4. This colloquium is designed to fathom the nature of this transparent consciousness not only through the superimposition of man's rational capacities upon it, but also by going beyond to how it is experienced in the uniqueness of each person. This will be demonstrated in corporate and individual methods in the context of sociological research thinktanks, the purpose of which is to develop a construct by which each man can inject his wisdom into the decisionmaking process of society and to experience an approach to selfprogramming education. Lastly we hope to derive at the end of the weekend a series of social proposals from which concrete strategic and tactical action can be devised to engage local man without the necessity of experts.
5. In his concern for the social world, man's first experience of being in society comes in the encounter with his fellowman. Within these day to day meetings, he discovers the fact of his essential relatedness, and at the same time experiences the necessity of organizing these relationships into social patterns. Thus the fact of his concern means man must first deal with the political arena of the social process.
1. Imbalances in the structuring of society have disrupted the social process to the point that the individual, experiences a disengagement from corporate structures at the very time when social conditions call for intensified ordering. The sense that
this is a malaise is grounded in the fact of man's ontological sociality his essential existence in community and his refusal of that reality at the same time as trends toward global community continue and intensify. The inability to be the sociality that he knows as his deepest reality opens man to a breakthrough of the spirit that reforges his human sociality on the basis of a new depth consciousness of the fact of his concern for society. The practical engagement in the social processes, and the experience for man in that engagement of the fresh possibility of being a moral man.

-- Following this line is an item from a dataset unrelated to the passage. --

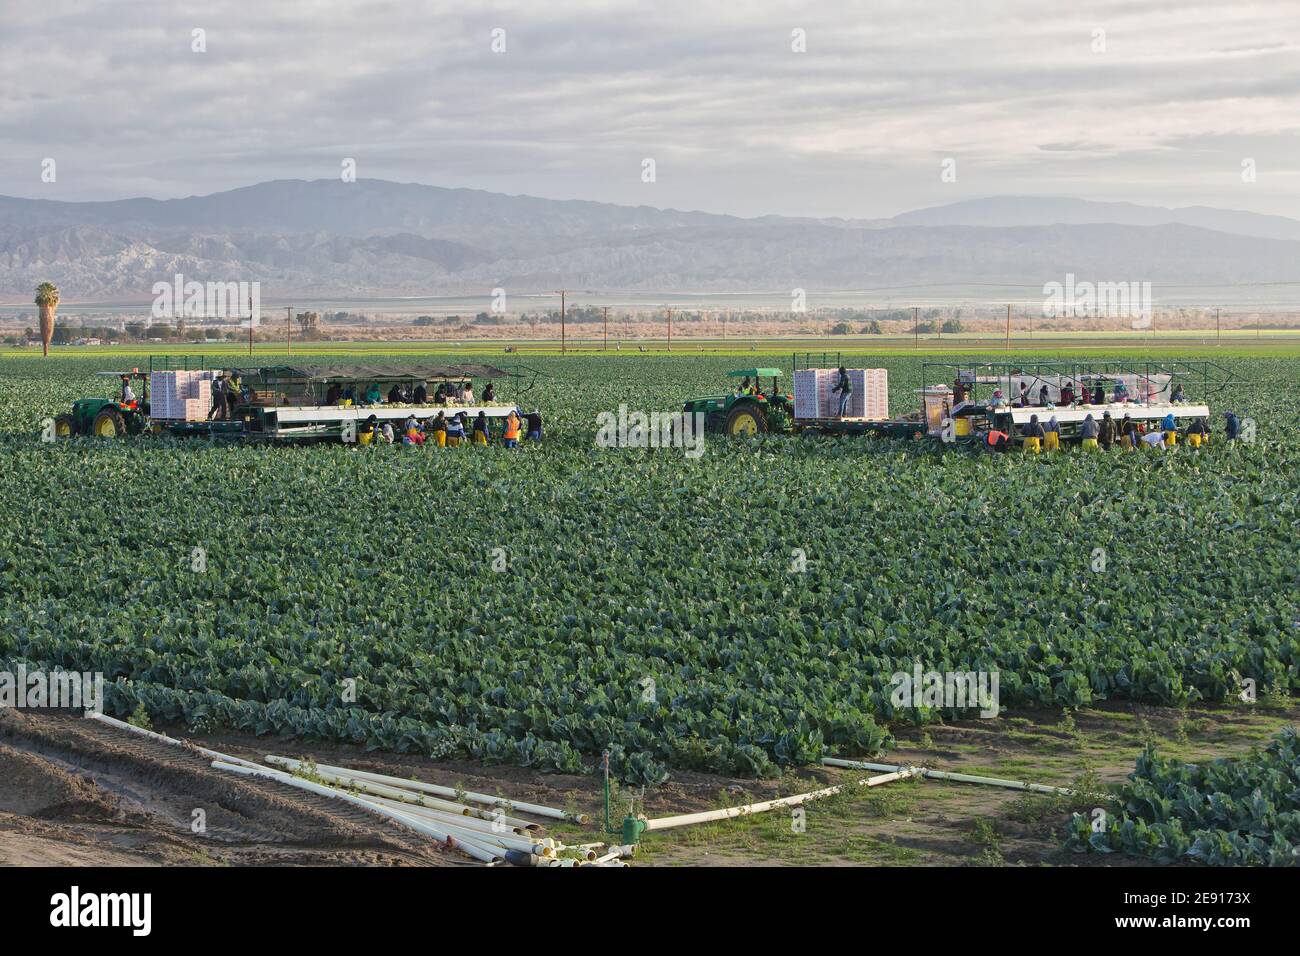 Hispanische Landarbeiter ernten - Verpacken von Bio-Blumenkohl 'Brassica oleracea var. botrytis', John Deere Traktor, Morgenlicht, Kalifornien. Stockfoto
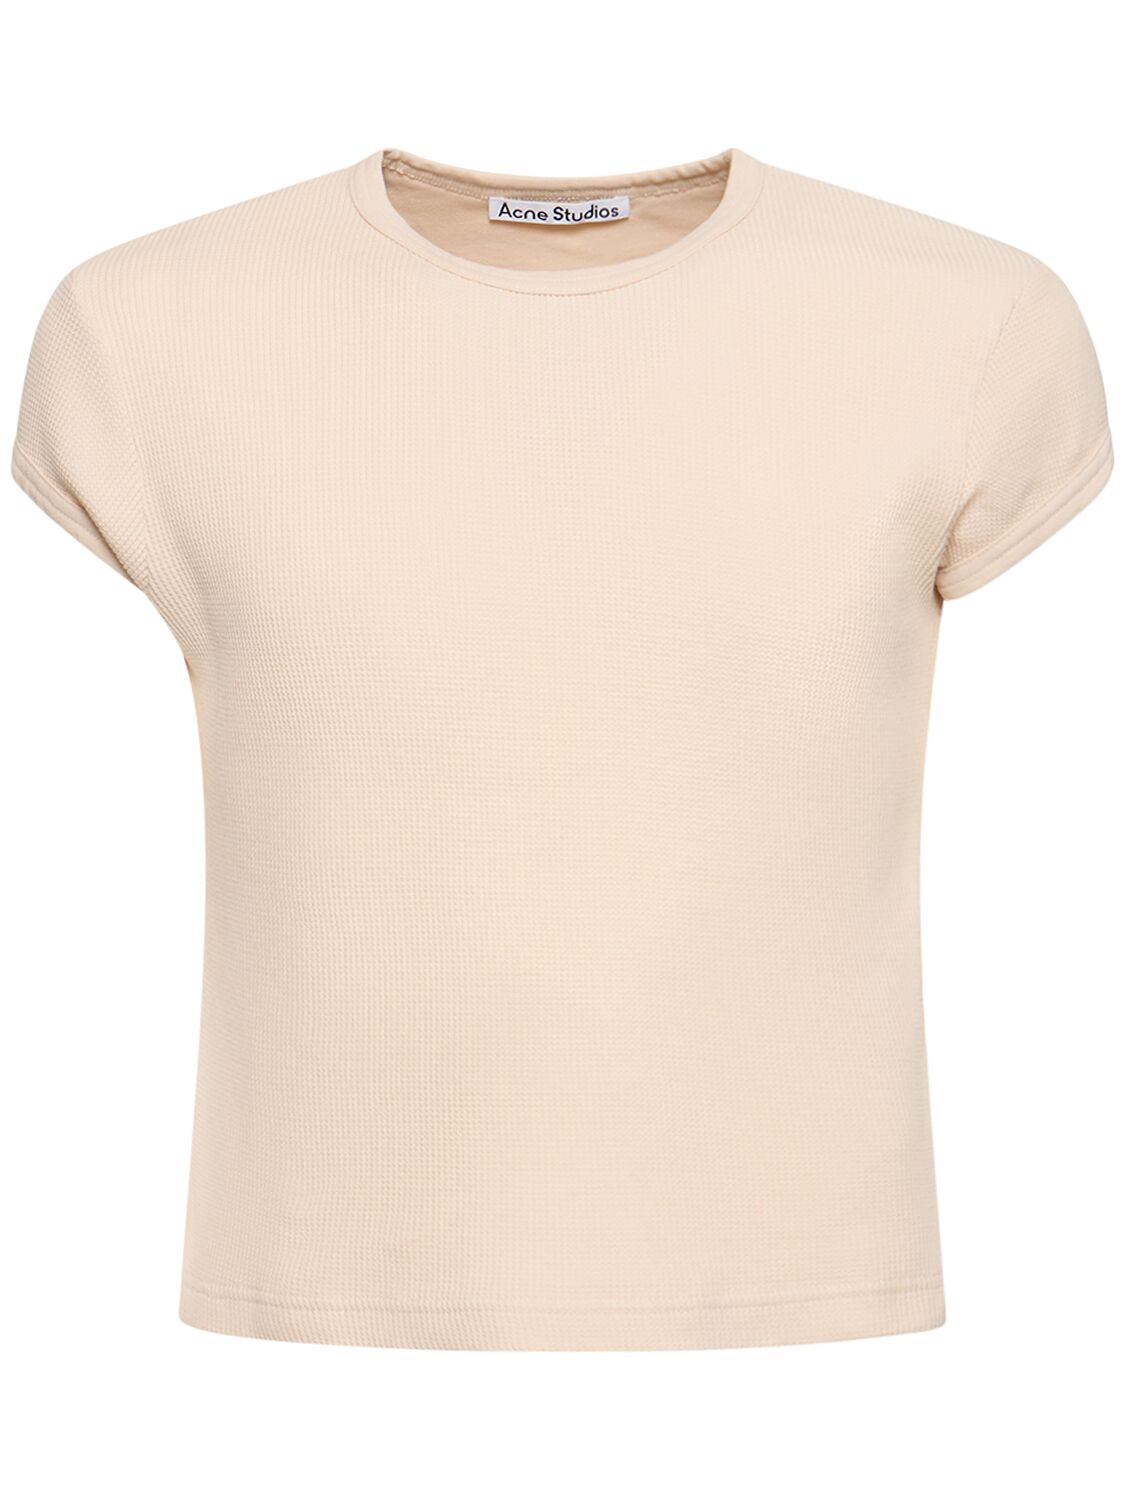 Acne Studios Cotton Jersey Short Sleeve T-shirt In Light Beige

2. Whenever Man reduces the structuring of society to concern for only one part of the whole social dynamic, he suffers a deep inward malaise that paralyzes him and blocks his engagement in society. At the present time, with man's overwhelming concern for the economic dimension, the sustaining of life, the concern for the structuring of corporate order has become so dominant that considerations of
common justice and wellbeing have been overshadowed. This creates a situation where man is practically disrelated to society and has no effective ways of engaging his life in the total social process. He therefore pretends to be no longer concerned for society, or reduces his arena of concern to a seemingly manageable segment. As he engages himself in the political dimension of society he finds himself isolated from historical processes and solely in the service of one part of society. This reductionism destroys the network of global relatedness, and thus he protects himself from other persons and centers of consciousness.
3. The contemporary political situation thus creates a deep crises within the individual whose experience is concern for society, whose very nature is to be socially engaged, yet who is unable to determine the authentic locus of that engagement. The deeps of the crisis can be understood only as one realizes that ontologically man is sociality. Instead of being his sociality, today man finds himself alienated from society with no viable means of caring authentically for his neighbors. One longs for genuine engagement, but he knows that to be human is not to be simply involved in unintentional action. Rather he sees that his only authentic possibility since he is sociality lies in embracing that very web of relationships, a sociality without limit, that links him with all of history, past, present and future.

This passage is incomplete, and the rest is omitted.